→ **HOW TO COMPLETE THIS TASK**
Produce exactly the lines from the one holding "Иллюстрации обложек популярных" through the last line of the data below, with every picture left out.

→ **SUPPLIED INFORMATION**
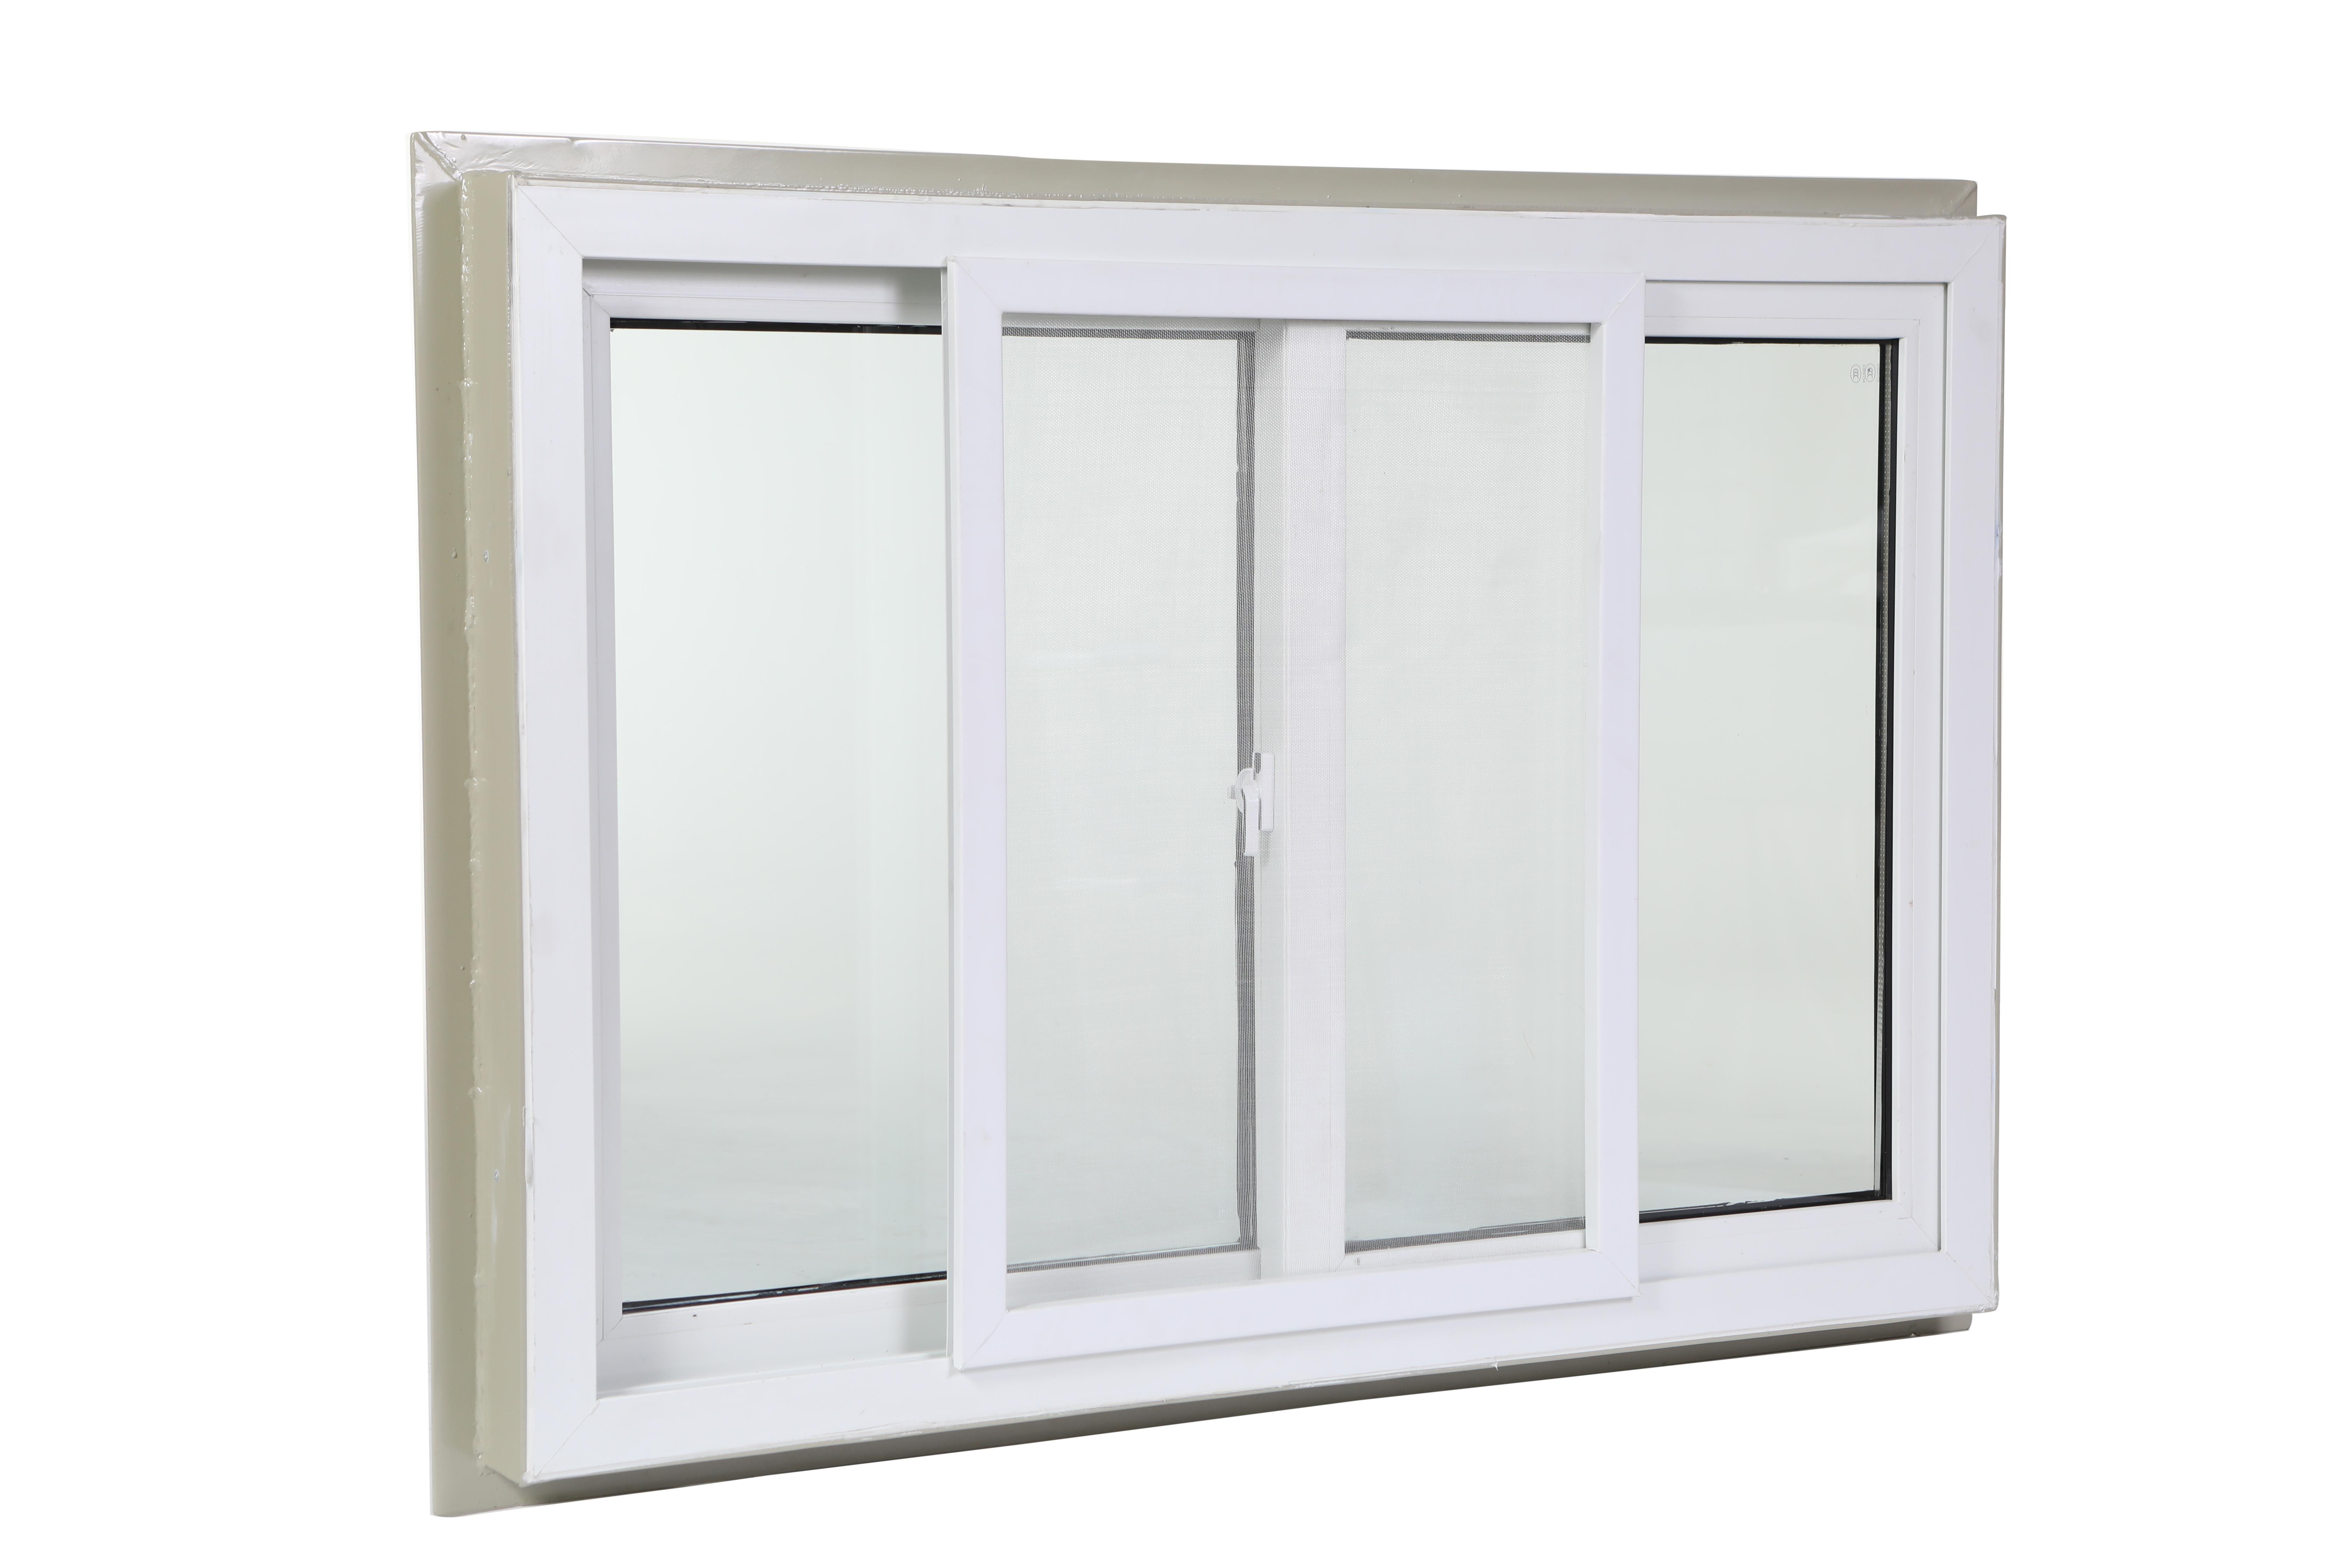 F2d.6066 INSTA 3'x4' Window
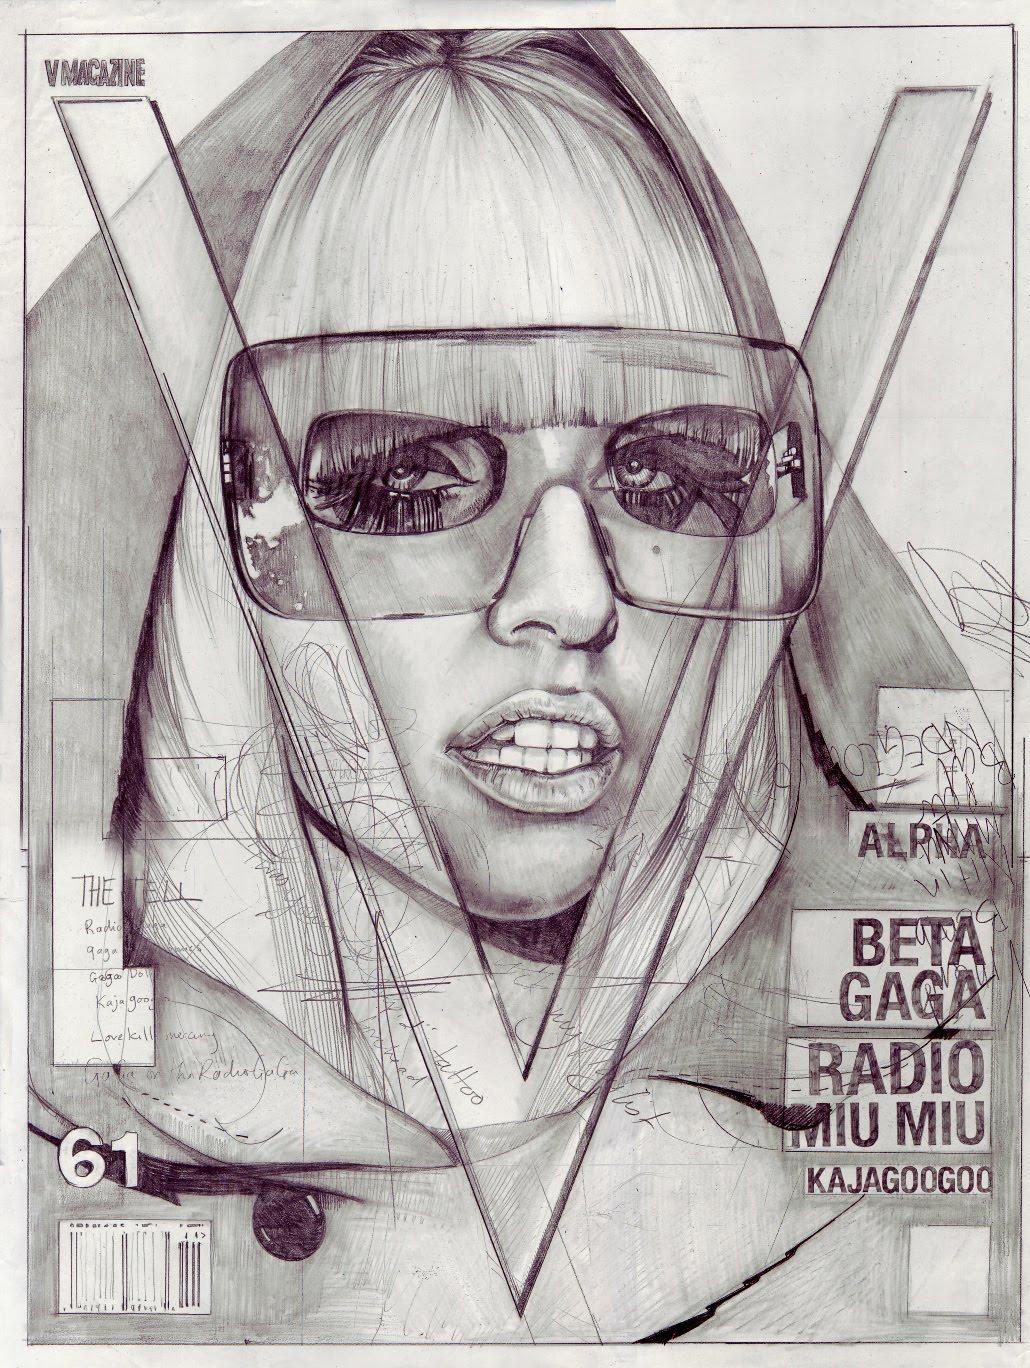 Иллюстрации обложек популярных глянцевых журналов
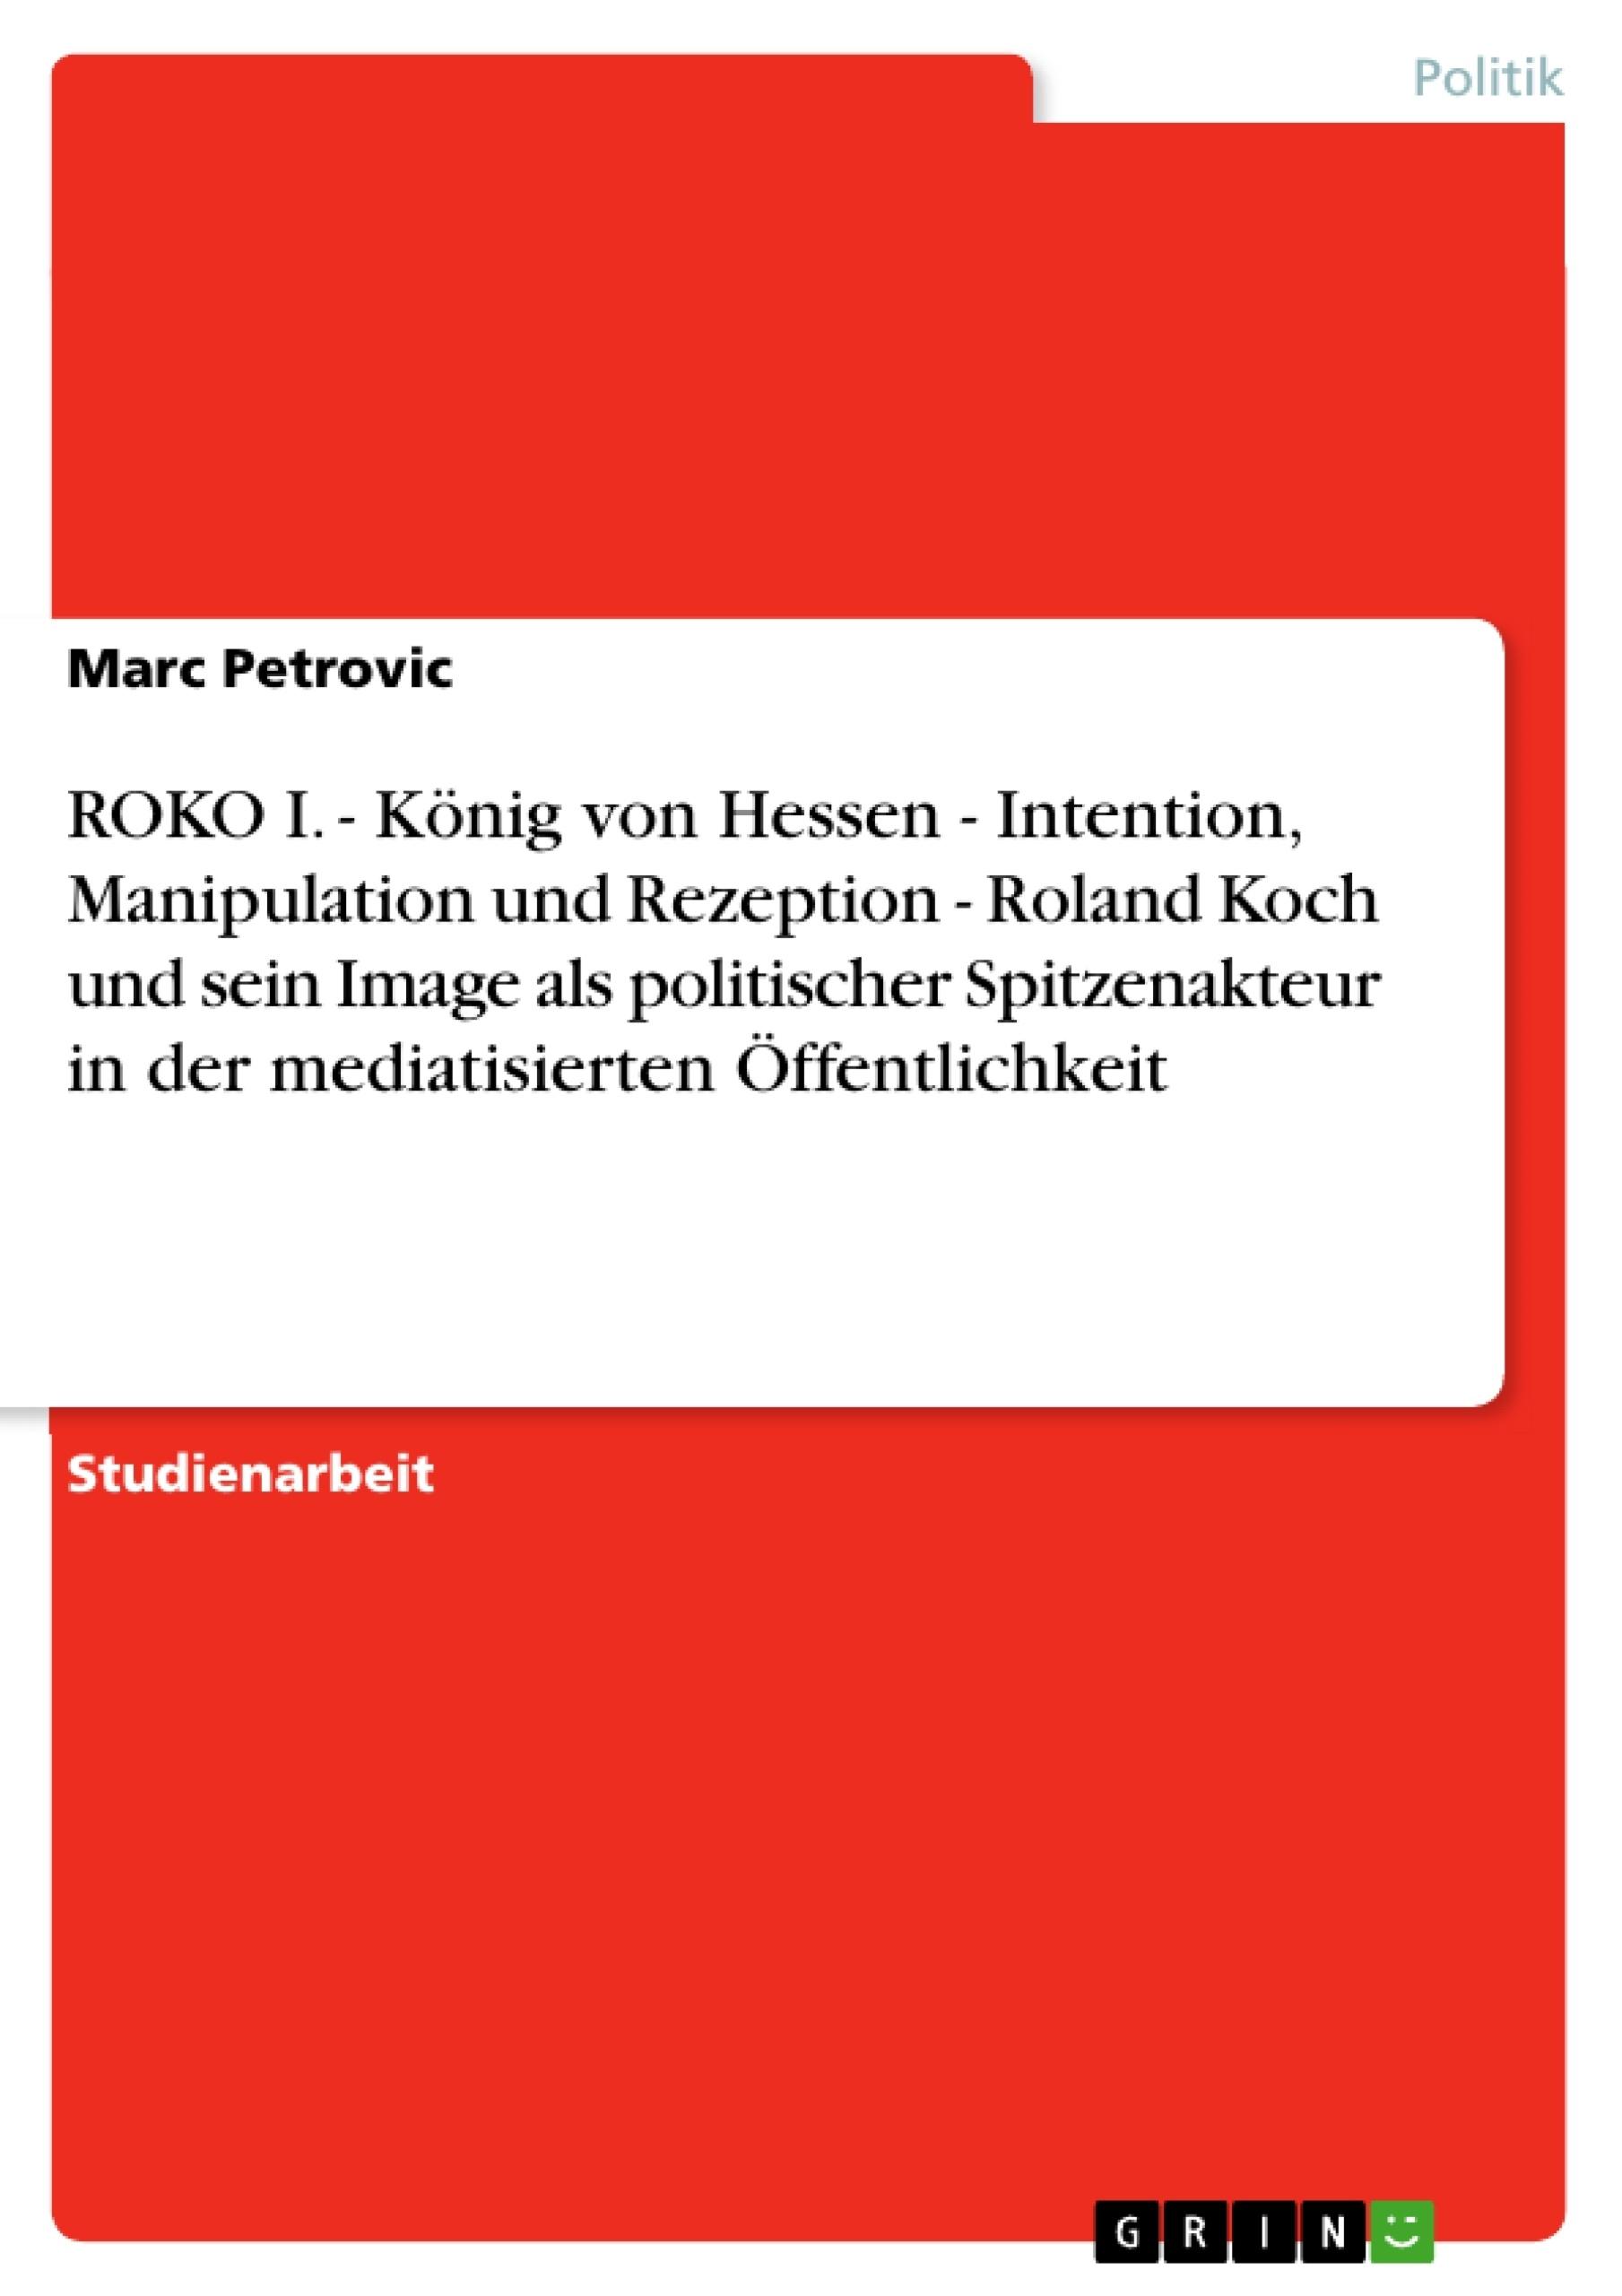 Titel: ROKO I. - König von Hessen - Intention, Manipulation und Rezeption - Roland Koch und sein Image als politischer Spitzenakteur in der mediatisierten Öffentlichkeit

→ **SOLUTION FOR THIS TASK**
 Иллюстрации обложек популярных глянцевых журналов
 Titel: ROKO I. - König von Hessen - Intention, Manipulation und Rezeption - Roland Koch und sein Image als politischer Spitzenakteur in der mediatisierten Öffentlichkeit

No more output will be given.